Mudança de perspectiva
“O julgamento do STF para decidir como deve ser escolhido o próximo governador do Rio está suspenso. Mas as trocas que o interino, Ricardo Couto, já começou a fazer, indicam que ele trabalha com a possibilidade de ficar por mais alguns meses ou até o final do ano”, confirmou (confira aqui) ontem (14) a jornalista Malu Gaspar, de O Globo.
STF avisou: Couto fica
“Interlocutores do novo governador afirmam inclusive que ele já foi avisado por ministros do STF de que não sairá da cadeira tão cedo, porque muito provavelmente a questão não será definida a tempo de se realizarem eleições diretas no estado”, completou Malu Gaspar.
Mudanças no estafe
Com a perspectiva de ficar no cargo, desde segunda Ricardo Couto exonerou o secretário-chefe de Gabinete, Rodrigo Abel, último membro do núcleo duro da gestão Cláudio Castro (PL). Assim como Nicholas Cardoso da presidência do Rioprevidência, fundo de pensão do servidor que aplicou R$ 2,6 bilhões no Banco Master.

Análise jurídica (I)
“O problema é que o tempo do processo jurídico não acompanha o tempo da política.
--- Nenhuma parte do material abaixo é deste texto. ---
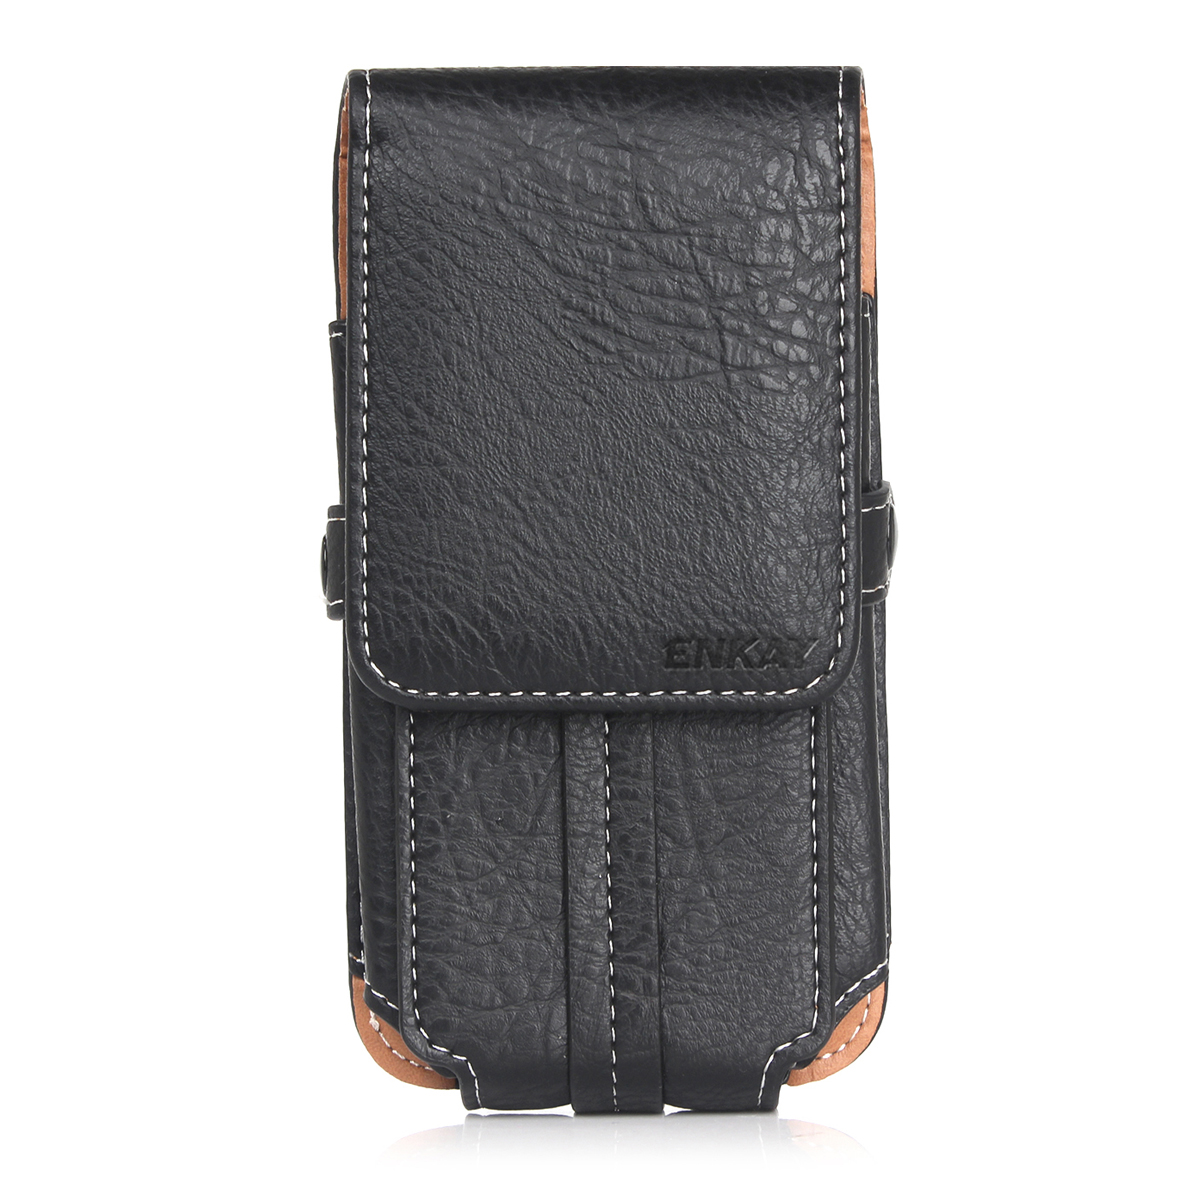 ENKAY-Waist-Bag-PU-Stone-Texture-Leather-Phone-Bag-Wallet-Case-for-iPhone-Samsung-Xiaomi-Sony-1121901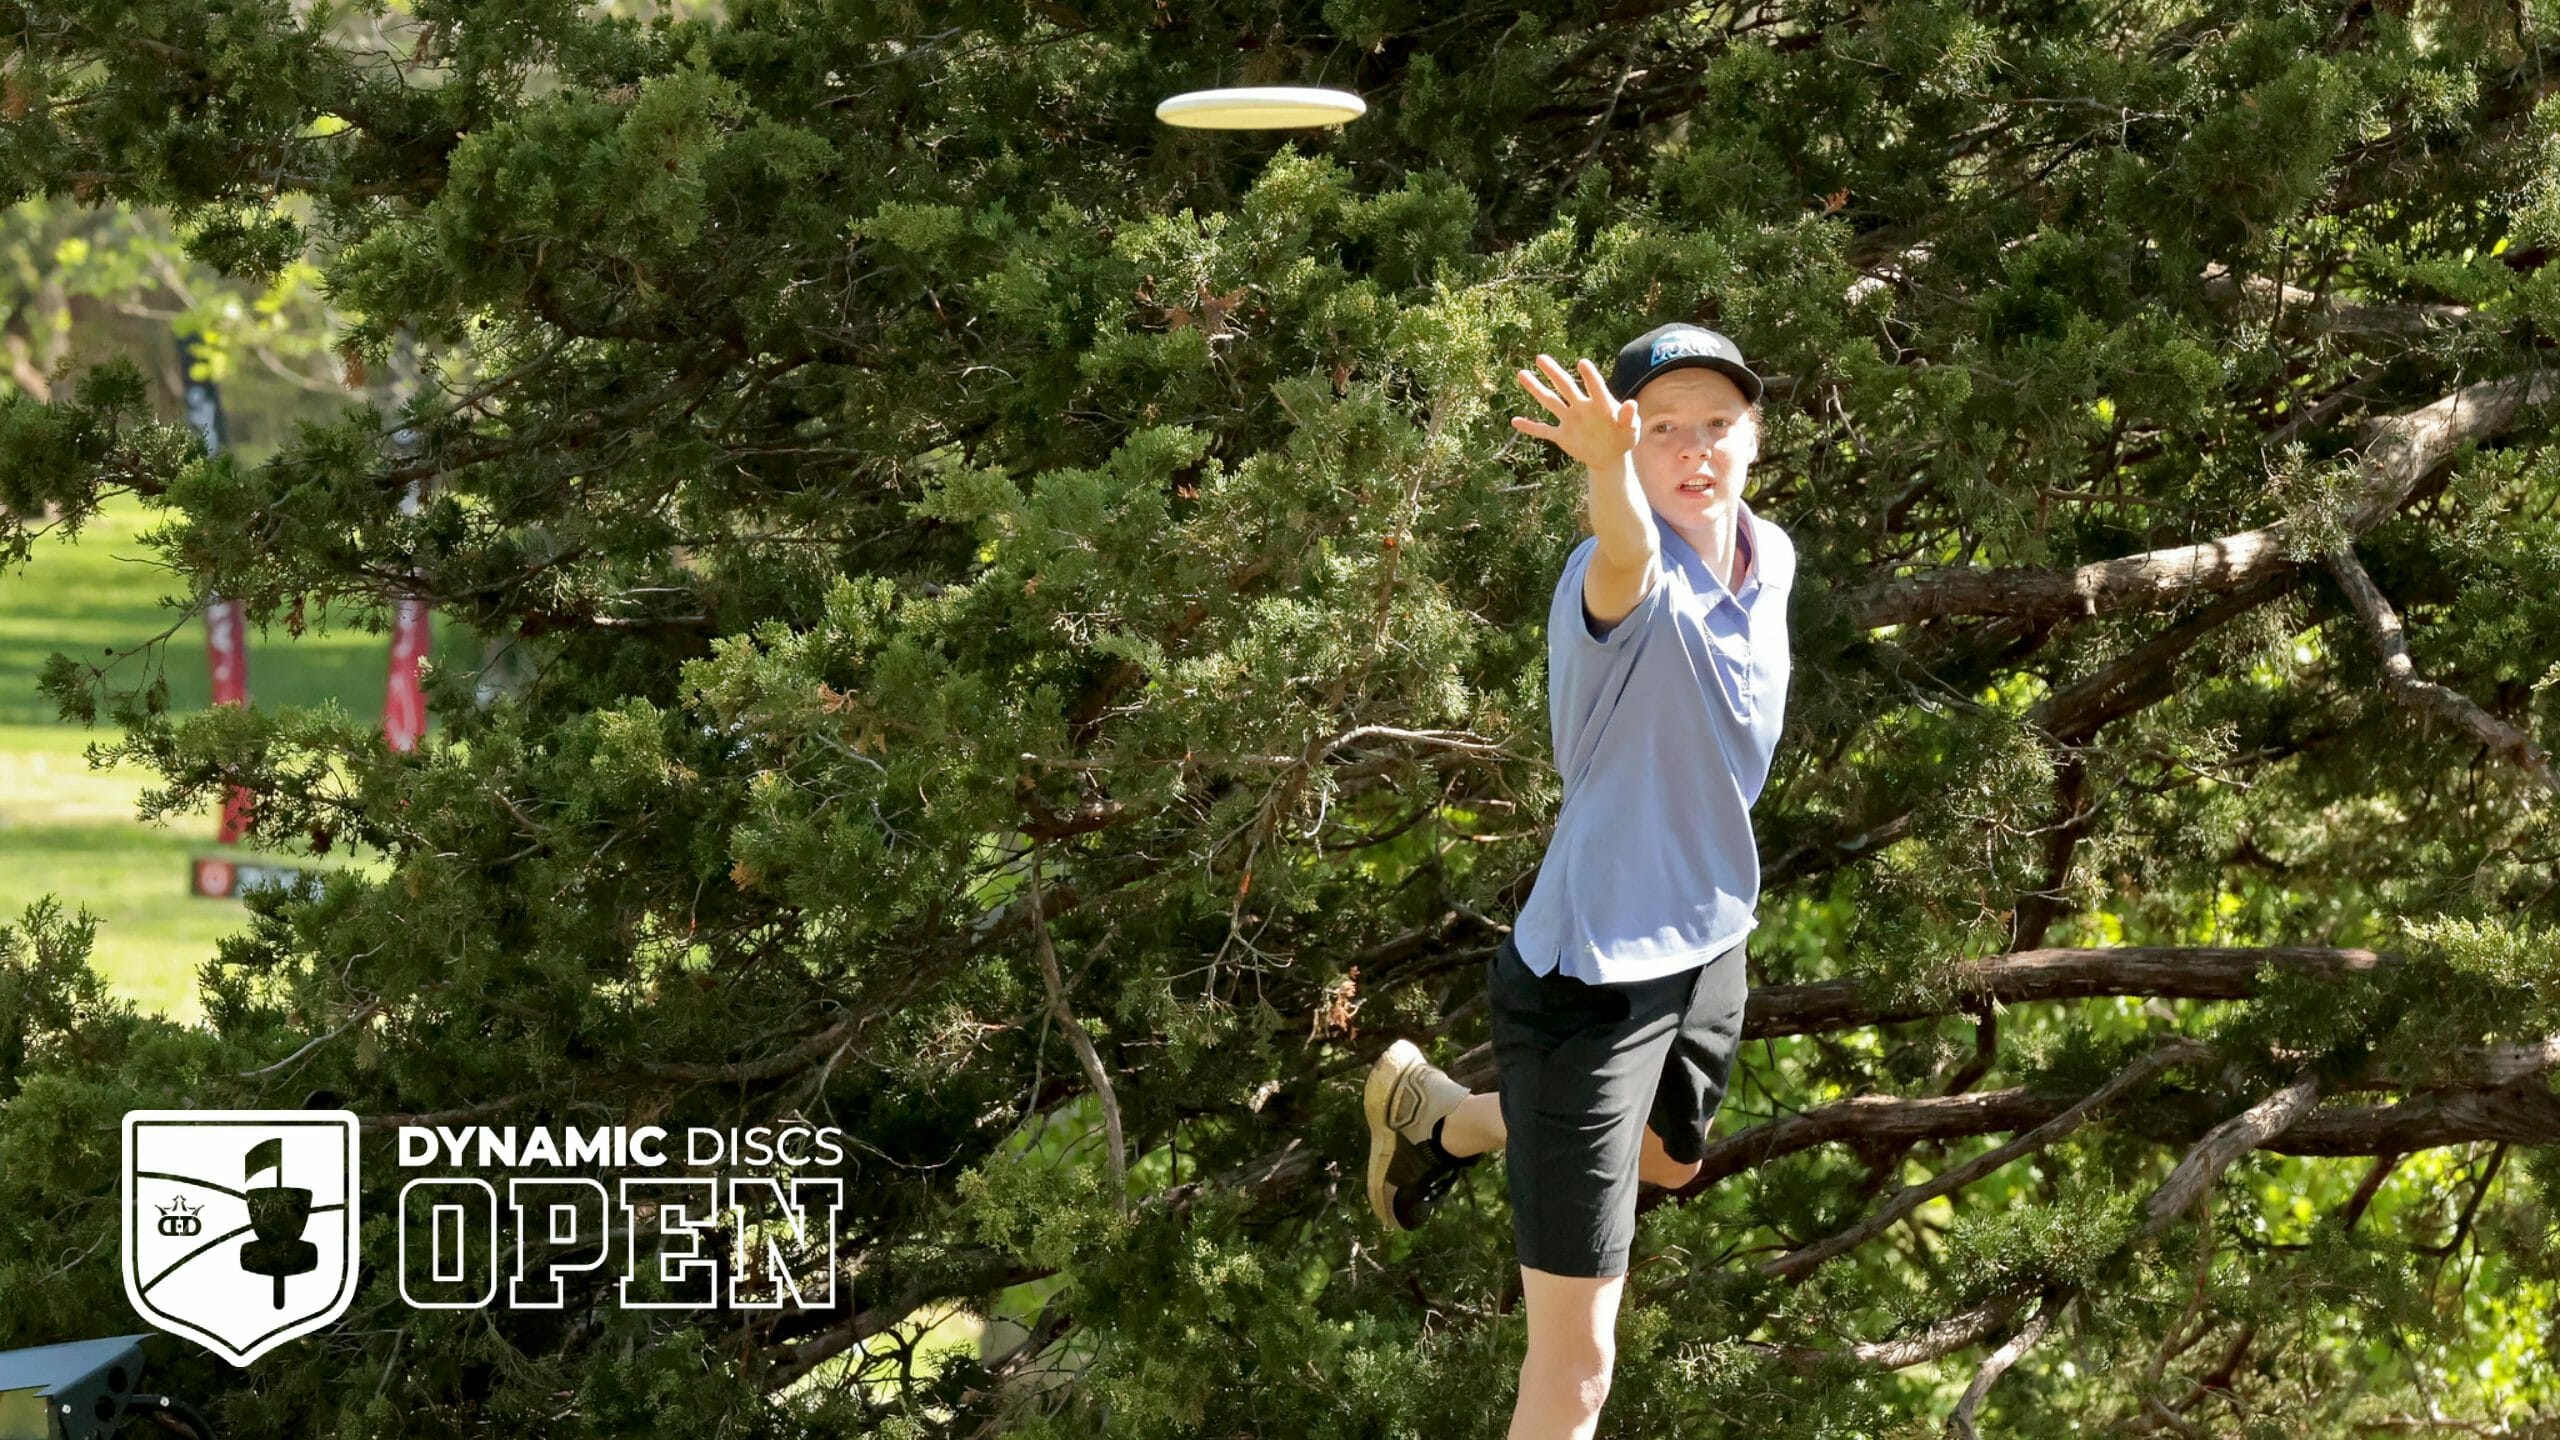 DDO King, Allen In Two Horse Race To Title DISC GOLF NEWS FEED

Um pedido de vista (do ministro Flávio Dino no STF) pode se estender mais de 90 dias e põe o Estado em situação delicada: reduz a viabilidade da eleição a governador, indireta ou direta, com o mandato já no fim”, disse Pryscila Marins, advogada eleitoral.
“Precedente perigoso”
“Nesse vácuo começam a surgir soluções sem base legal. A permanência prolongada do presidente do TJ no comando do Executivo não tem amparo na legislação. A substituição existe, mas é excepcional e temporária. Se isso for admitido, abre-se um precedente perigoso: um governo sem legitimidade eleitoral”, concluiu Pryscila.

Análise jurídica (II)
“Há precedentes nesse sentido: a renúncia (de Castro) foi fraudulenta. A hipótese seria de eleição direta. Mas não é racional termos duas eleições diretas em tão pequeno período de tempo. Daí a decisão do TSE pela eleição indireta”, analisou o advogado Carlos Alexandre de Azevedo Campos, professor da Uerj e ex-assessor do STF.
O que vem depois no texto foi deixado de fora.